いつも大盛りであったり、激安であったり、そんなお得なお店を紹介していて、出てくるお店の人が、面白い人たちだ。最近見た番組では、「お米では儲ける気はない」とかいうお店が出てきた。また、ちょっと乱暴な蕎麦屋が出てきて、実は蕎麦の達人で弟子が35人もいて、ADが勝手に弟子にされ、すごく上達してしまって、そのまま他店の取材に行って、学んだ蕎麦を作って絶賛されるという展開に、面白いという言葉では表現しきれない面白さがあった。
ネットで見ると、たまに批判的な言葉があって、「わかってないなあ」という感じというか、「いまの価値観だけで見てしまえば・・・」などと感じていた。例えば「衛生的には問題がある」とか、「食べきれない」とか、何とかである。「行かなきゃいいじゃん」それだけだ。なんだか経済評論家みたいのが、経済合理性を持ち出していて、馬鹿らしいとも思った。
僕がこの番組を見て、思い出すことがある。
僕は大学生になって、東京にやってきた。いまでは死語になってしまった苦学生という感じであった。もう30年以上前のことだ。ガスはめんどうくさくて契約さえしなかった。食事は学食、立ち食いそば、松屋、そんな感じだ。バイトをすぐはじめ、賄い付きだったので、晩飯はそこで。ちなみに賄い付のバイトを狙った。
ただ週1回の休みがあるので、その時晩飯は外食しなければならなかった。若い頃はどちらかというとよく食べるほうだったので、大盛りの飯が食べたかった。
アパートの近くに中華料理屋さんがあって、まあまあの金額である。麻婆豆腐が1000円ぐらいする、そんな感じだ。ところがひとつだけ安い肉野菜定食があった。確か650円である。これなら手が届く。ご飯の盛りもいい。

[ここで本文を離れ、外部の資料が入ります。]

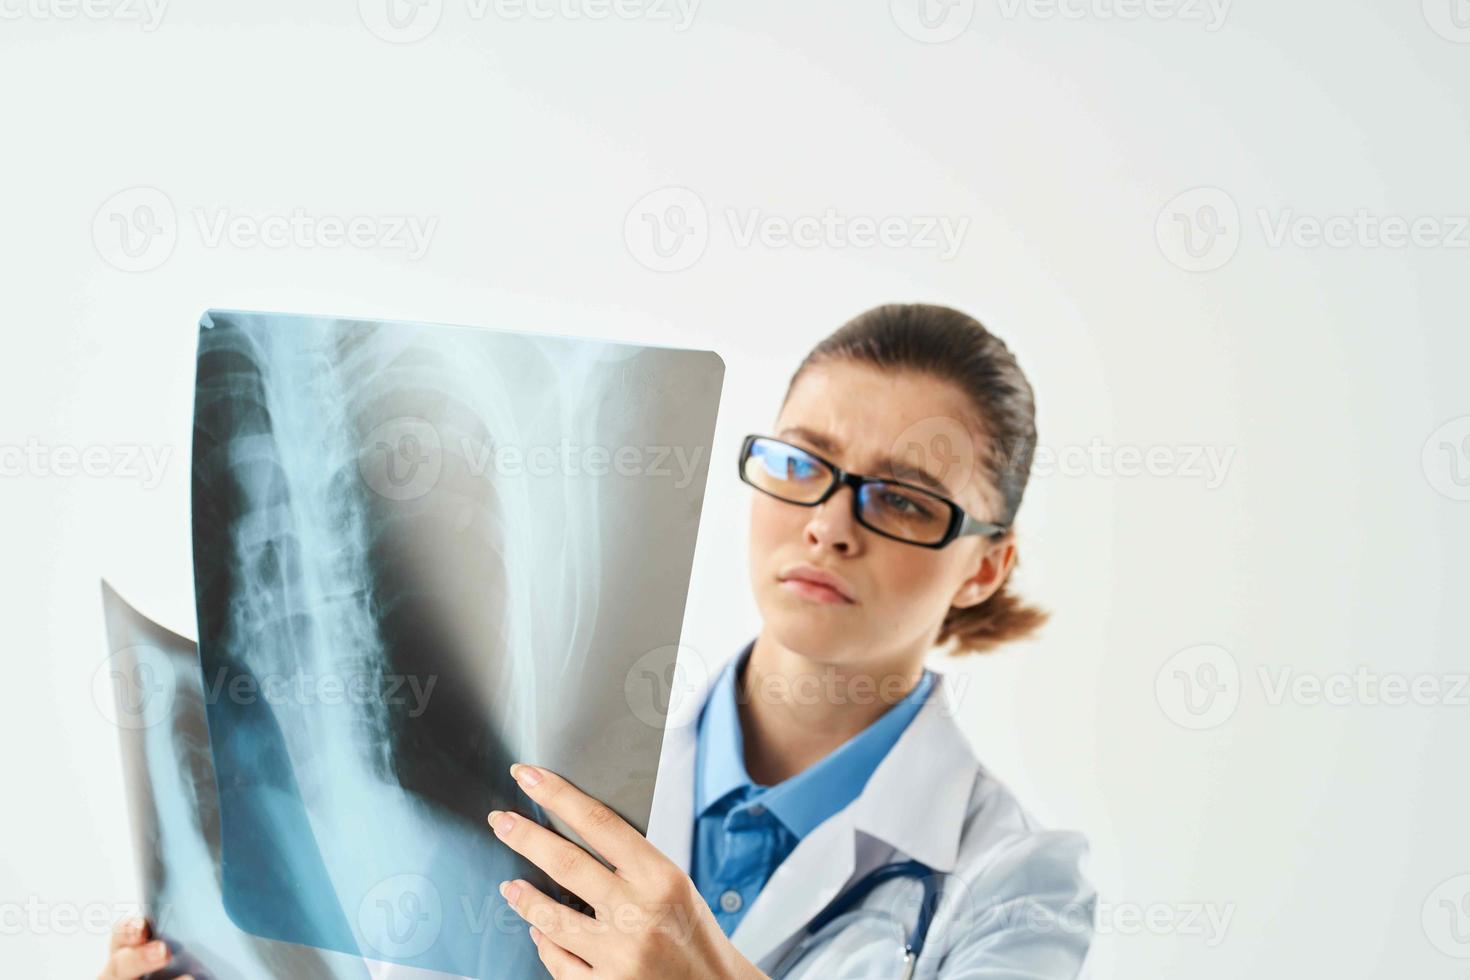 the radiologist looks at the x-ray diagnosis to a professional the results photo

ということで、バイトが休みの時はその中華料理屋さんで肉野菜定食を食べていた。ご飯・肉野菜炒め(盛りがいい)・中華スープ・小鉢がセットである。毎週行くようになったので、店のマスターとなんとなく顔見知りになった。実は同じ北海道出身ということもわかって、なんだか嬉しそうにしてくれていたし、僕もそうだった。
ある時マスターが「なんでいつも同じものしか頼まないの?」と聞いてきた。僕は正直に「金がないから、申し訳ない」などと答えたんだと思う。そうしたら、小鉢を一品増やしてくれて、ご飯のお代わりしていいと行ってくれた。僕はご飯のお代わりをした。
次に行くと、小鉢が普通の皿の料理になっている。「頼んでないよ?」と僕がいうと、「いいから食べてよ」そんな感じだ。次に行くと、「何が食べたい?肉野菜定食の代金でいいから」と言ってくれた。僕はその言葉に甘えた。その店のメニューにない料理まで出してくれた。
同郷のよしみということなのだろうか、人情というやつだろうか、マスターの心遣いに感謝しかなかった。何もお返しもしていない。でもたまにそのことを思い出す。そのマスターの顔もおぼろげだが、目がウルウルしてしまう。
僕は「オモウマい店」を見るたび、当時を思い出してしまう。